Nothing is to be output except the lines from the one containing "Maui, homem forte de Moana" through the end of the material, each reproduced exactly.

● ● ● ● ●

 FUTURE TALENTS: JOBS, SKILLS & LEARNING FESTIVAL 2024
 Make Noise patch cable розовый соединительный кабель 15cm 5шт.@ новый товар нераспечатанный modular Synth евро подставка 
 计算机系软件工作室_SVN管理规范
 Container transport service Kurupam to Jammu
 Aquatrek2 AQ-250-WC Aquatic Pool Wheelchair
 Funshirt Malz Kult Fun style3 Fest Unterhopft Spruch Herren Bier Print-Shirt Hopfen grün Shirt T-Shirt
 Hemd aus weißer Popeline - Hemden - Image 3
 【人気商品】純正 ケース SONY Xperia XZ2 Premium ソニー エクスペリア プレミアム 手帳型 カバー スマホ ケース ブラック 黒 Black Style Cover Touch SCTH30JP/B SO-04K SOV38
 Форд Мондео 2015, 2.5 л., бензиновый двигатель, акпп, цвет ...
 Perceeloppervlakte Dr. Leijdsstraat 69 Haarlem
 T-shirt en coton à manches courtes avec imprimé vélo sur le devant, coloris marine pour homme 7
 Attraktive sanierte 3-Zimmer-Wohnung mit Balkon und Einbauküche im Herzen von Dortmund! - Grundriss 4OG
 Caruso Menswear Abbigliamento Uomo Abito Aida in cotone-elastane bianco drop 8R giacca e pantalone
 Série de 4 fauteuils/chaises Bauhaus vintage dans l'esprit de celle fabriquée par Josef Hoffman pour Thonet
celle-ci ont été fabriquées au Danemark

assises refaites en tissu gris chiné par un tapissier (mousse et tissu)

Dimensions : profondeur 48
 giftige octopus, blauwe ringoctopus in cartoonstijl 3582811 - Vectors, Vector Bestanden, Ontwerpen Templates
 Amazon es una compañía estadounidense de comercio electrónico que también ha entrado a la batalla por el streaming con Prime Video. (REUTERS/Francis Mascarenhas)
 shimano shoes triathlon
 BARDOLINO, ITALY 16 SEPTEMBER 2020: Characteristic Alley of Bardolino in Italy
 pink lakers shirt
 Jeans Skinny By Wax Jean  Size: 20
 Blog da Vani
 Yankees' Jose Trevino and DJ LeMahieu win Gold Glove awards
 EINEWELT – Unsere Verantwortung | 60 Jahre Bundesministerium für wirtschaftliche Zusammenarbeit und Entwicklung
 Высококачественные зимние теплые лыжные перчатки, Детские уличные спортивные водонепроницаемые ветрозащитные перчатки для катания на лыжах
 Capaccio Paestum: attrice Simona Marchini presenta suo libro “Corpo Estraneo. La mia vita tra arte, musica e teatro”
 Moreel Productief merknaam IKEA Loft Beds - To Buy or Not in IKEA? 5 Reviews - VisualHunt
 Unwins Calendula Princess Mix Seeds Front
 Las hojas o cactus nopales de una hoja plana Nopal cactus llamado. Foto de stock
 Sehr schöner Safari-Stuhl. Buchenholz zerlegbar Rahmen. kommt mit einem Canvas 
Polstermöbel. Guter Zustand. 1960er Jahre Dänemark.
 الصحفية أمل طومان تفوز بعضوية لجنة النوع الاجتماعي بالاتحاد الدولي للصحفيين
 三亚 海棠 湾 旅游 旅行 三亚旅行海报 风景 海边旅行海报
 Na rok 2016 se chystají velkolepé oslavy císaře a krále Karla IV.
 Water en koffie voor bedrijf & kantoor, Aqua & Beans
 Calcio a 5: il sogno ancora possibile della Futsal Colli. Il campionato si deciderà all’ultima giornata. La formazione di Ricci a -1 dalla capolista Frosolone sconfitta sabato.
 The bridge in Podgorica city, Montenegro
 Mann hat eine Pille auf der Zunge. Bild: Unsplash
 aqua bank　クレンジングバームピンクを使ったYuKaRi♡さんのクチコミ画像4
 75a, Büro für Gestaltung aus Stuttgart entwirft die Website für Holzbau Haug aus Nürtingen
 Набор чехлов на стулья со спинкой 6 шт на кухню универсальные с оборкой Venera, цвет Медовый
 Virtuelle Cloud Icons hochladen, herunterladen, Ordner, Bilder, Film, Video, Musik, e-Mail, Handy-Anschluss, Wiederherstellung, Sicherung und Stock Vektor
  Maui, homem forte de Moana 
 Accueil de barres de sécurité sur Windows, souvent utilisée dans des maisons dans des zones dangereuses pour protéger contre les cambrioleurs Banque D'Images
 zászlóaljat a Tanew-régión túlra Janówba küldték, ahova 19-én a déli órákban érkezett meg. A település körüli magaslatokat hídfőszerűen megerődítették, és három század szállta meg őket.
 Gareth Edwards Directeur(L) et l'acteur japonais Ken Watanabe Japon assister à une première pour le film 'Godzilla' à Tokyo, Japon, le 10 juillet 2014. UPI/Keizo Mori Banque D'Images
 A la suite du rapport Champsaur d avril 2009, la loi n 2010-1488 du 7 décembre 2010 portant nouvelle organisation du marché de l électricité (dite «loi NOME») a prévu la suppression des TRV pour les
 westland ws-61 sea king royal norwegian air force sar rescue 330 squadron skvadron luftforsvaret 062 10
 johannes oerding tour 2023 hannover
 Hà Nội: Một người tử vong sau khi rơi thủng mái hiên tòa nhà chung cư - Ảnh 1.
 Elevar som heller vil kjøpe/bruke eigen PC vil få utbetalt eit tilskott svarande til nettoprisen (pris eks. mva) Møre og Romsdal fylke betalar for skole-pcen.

● ● ● ● ●

-- Solution to the problem --
  Maui, homem forte de Moana 
 Accueil de barres de sécurité sur Windows, souvent utilisée dans des maisons dans des zones dangereuses pour protéger contre les cambrioleurs Banque D'Images
 zászlóaljat a Tanew-régión túlra Janówba küldték, ahova 19-én a déli órákban érkezett meg. A település körüli magaslatokat hídfőszerűen megerődítették, és három század szállta meg őket.
 Gareth Edwards Directeur(L) et l'acteur japonais Ken Watanabe Japon assister à une première pour le film 'Godzilla' à Tokyo, Japon, le 10 juillet 2014. UPI/Keizo Mori Banque D'Images
 A la suite du rapport Champsaur d avril 2009, la loi n 2010-1488 du 7 décembre 2010 portant nouvelle organisation du marché de l électricité (dite «loi NOME») a prévu la suppression des TRV pour les
 westland ws-61 sea king royal norwegian air force sar rescue 330 squadron skvadron luftforsvaret 062 10
 johannes oerding tour 2023 hannover
 Hà Nội: Một người tử vong sau khi rơi thủng mái hiên tòa nhà chung cư - Ảnh 1.
 Elevar som heller vil kjøpe/bruke eigen PC vil få utbetalt eit tilskott svarande til nettoprisen (pris eks. mva) Møre og Romsdal fylke betalar for skole-pcen.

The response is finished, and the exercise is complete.